After transporting a cargo of convicts to Sydney Cove in 1809, the Boyd under Captain John Thompson sailed from Sydney in October that year. Aboard were around seventy passengers and crew, including a number of Maori, one a chief’s son named Te Ara. Thompson was keen to obtain some kauri spears to add to his cargo of seal skins, coal, lumber and whale oil. Te Ara recommended Whangaroa where his people lived and where he assured Thompson there were excellent stands of kauri.

The Boyd moored and Te Ara went to greet his kin after a long absence. The Maori came aboard the ship and relations were cordial at first, until Thompson took a small boat party ashore to search for spears. They never returned. The Whangaroa Maori clubbed and axed them all to death. The Maori then rowed out to the Boyd and began to massacre those aboard, dismembering the victims while a few survivors watched in horror from the rigging. 
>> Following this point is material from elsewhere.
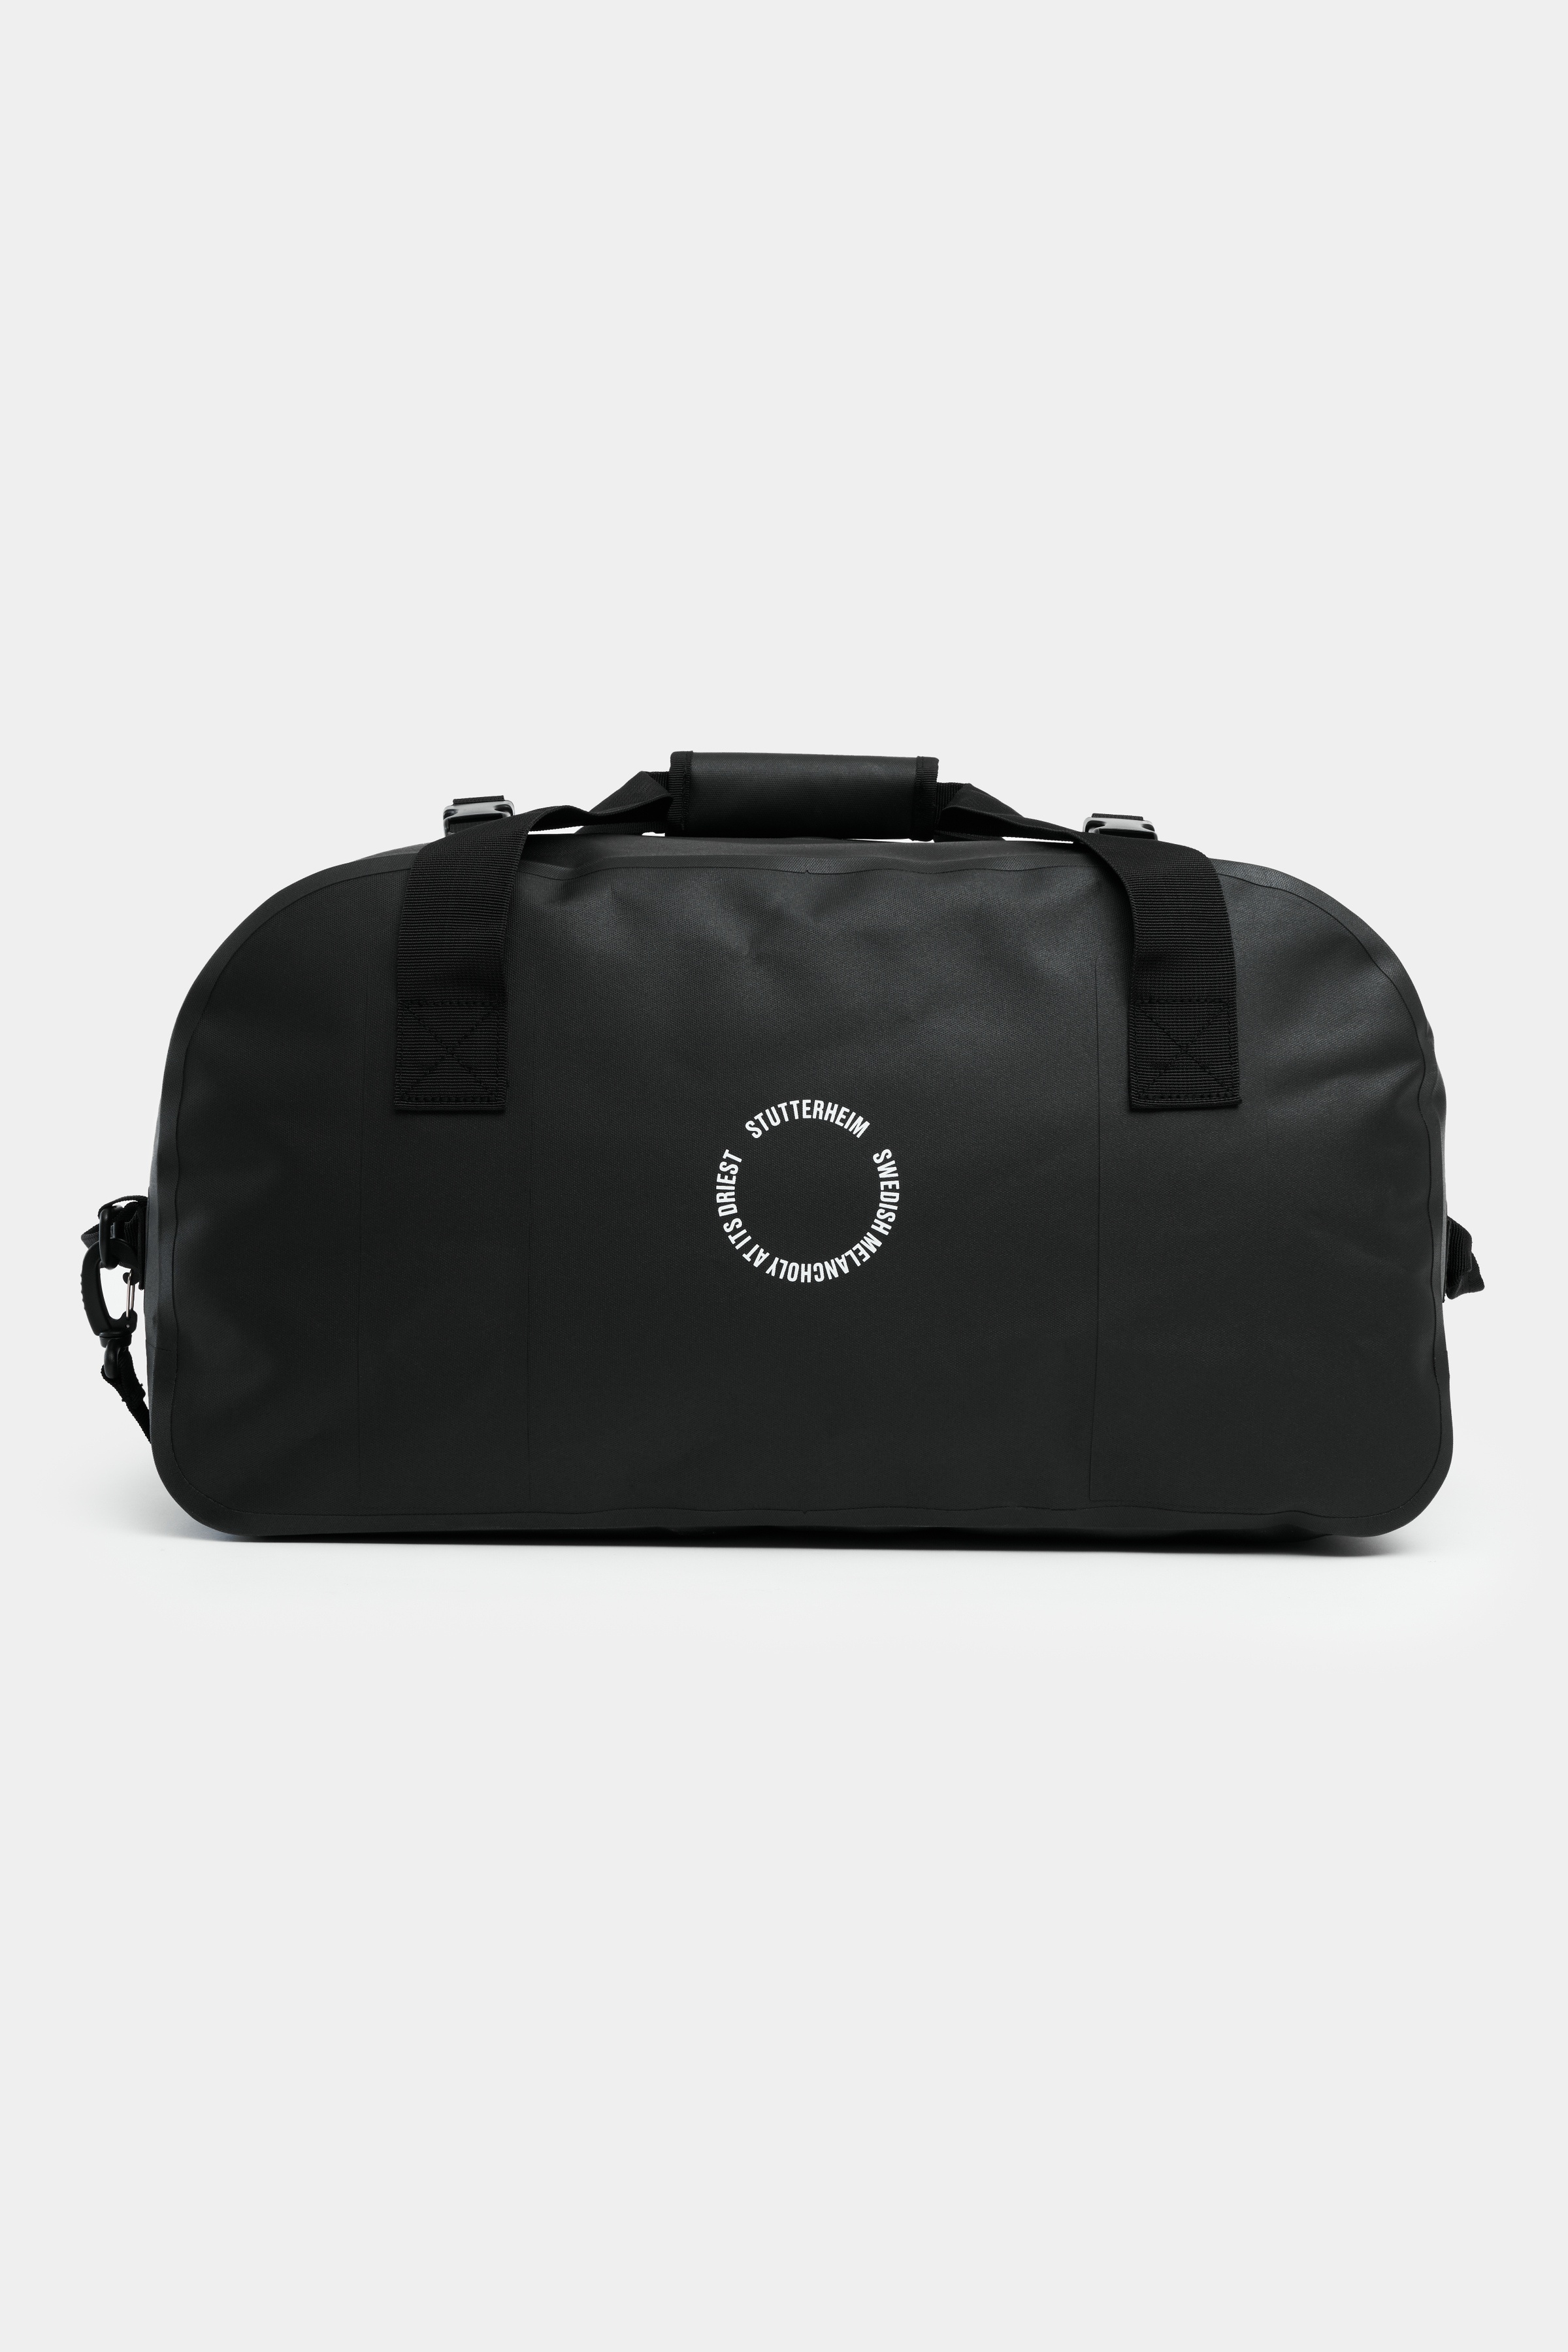 Rain Duffel Bag 50L Black - 3

At the end, only five of those aboard the ship escaped the butchery, aided by Te Pahi, a visiting Maori chief from the Bay of Islands apparently shocked at the scene.  One survivor was later killed, leaving Ann Morley and her baby, a two-year-old Betsey Boughton and cabin boy Thom Davies in dangerous captivity.

What caused such brutal events?

At some point before the Boyd reached Whangaroa, Te Ara was lashed to a capstan and either flogged or threatened this punishment by Captain Thompson for his refusal to work his passage. He protested that he was a chief’s son and should not be so basely punished but was mocked by the sailors and denied food. This was a loss of face among his people triggering an obligation to take revenge. [i] A dreadful vengeance it was.

According to the rescuers under Alexander Berry who arrived at the scene in December there was evidence of mass cannibalism. As Berry later wrote: ‘The horrid feasting on human flesh which followed would be too shocking for description’.[ii] They also found the charred remains of the Boyd, apparently blown up when the Maori tried unsuccessfully to make use of the muskets and gunpowder aboard. The flames ignited the whale oil and the ship quickly burned and sank, a number of Maori, including, including Te Ara’s father, dying in the conflagration. 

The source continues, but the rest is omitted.